The tribulations of a black garbage collector may not sound like a riveting comedy premise. Yet “Roc” should have worked, if only because of its impressive cast: three imports from Broadway’s “The Piano Lesson,” including Tony nominee Charles Dutton. Instead, the sitcom comes off as a trashy knockoff of “Sanford and Son.” Roc Emerson (Dutton) lives with the standard afflictions of blue-collar comedy: an exasperated wife, shiftless younger brother and cantankerous father. At least Dad (Carl Gordon), a black racist, doesn’t entirely fit the formula. When he announces that there are “no good white basketball players,” junior brings up Larry Bird. Shoots back Pop: “His real name is Abdul Mustafa.” When he’s not around, though, there’s nothing much to do except watch Dutton glower. Can’t blame him.

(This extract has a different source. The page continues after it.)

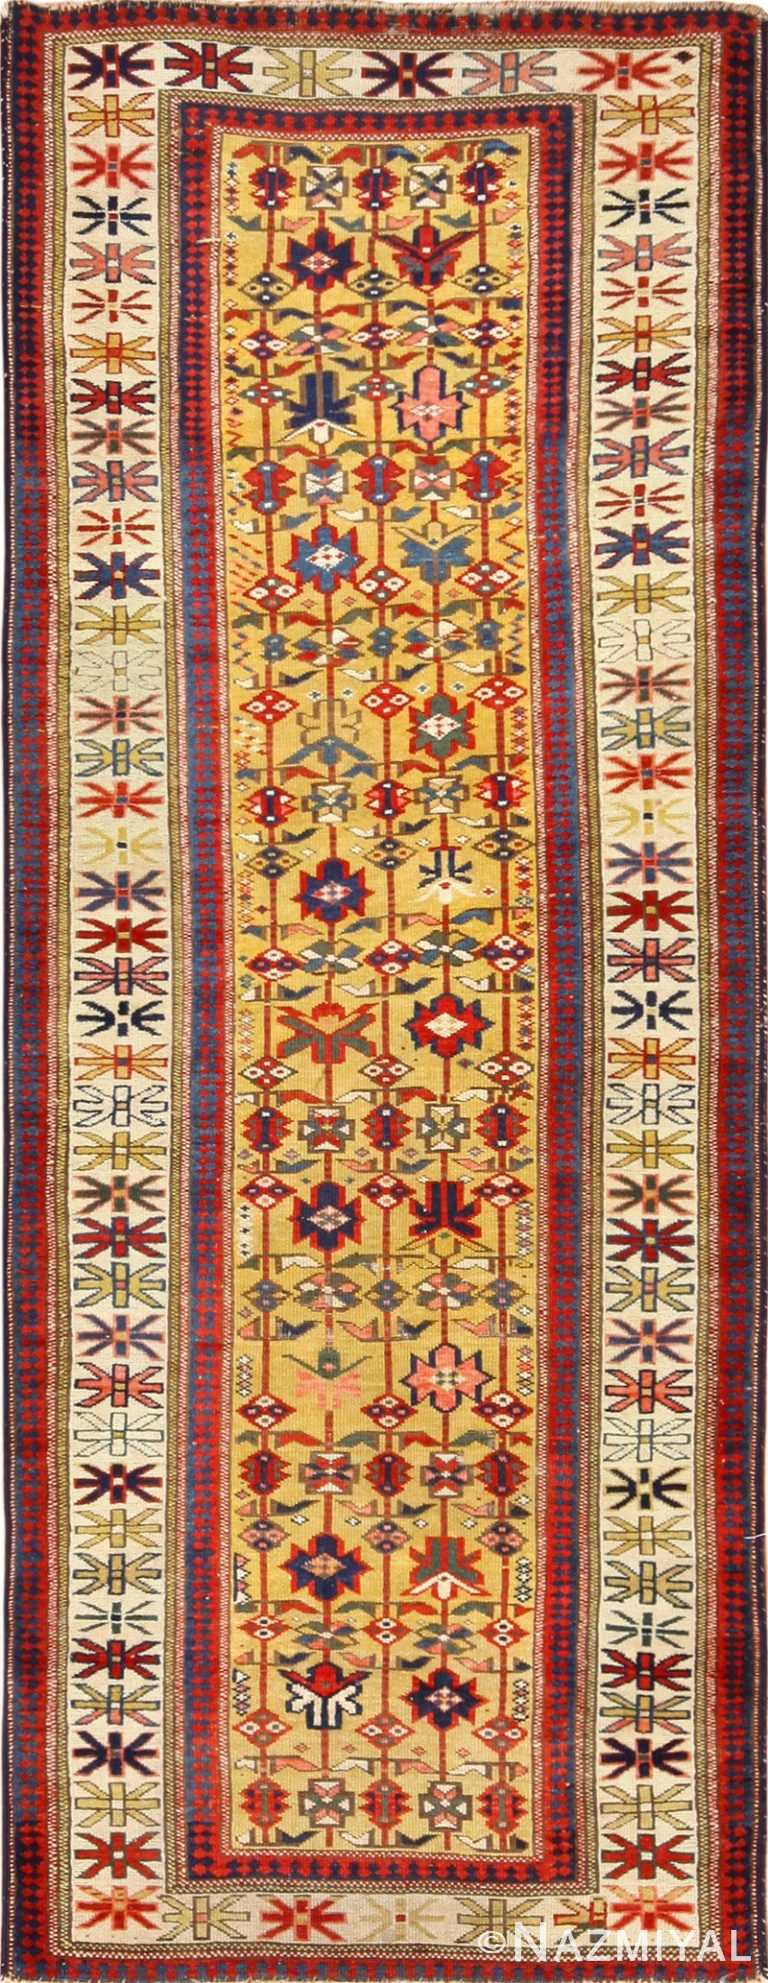 antique tribal kuba caucasian rug runner 49253 Nazmiyal

At last, a whiff of the unfamiliar. While this sitcom’s protagonist, a male magazine researcher, seems ordinary enough, there’s an ingenious twist to its setting. Much of the action takes place within Herman’s brain, where characters personifying four warring emotions–anxiety, rationality, lust and compassion–vie for control of his life. Talk about inside stories.

As Herman (William Ragsdale) struggles to impress an editor or score with a secretary, the voices in his mind analyze, bicker and sulk. Lust to anxiety: “If we ever become impotent, you can take a bow.” Rationality (watching Herman leave for a date): “Condoms! Don’t forget the condoms!” Alas, the show presents a viciously distorted picture of the magazine business, depicting Herman’s colleagues as ruthless, shifty, egomaniacal, sycophantic and workaholic. As everyone knows, magazine people don’t like to work hard.

Maybe Herman should be a network programmer–but then, the way things are going, he’d have rejected this series as dangerously original.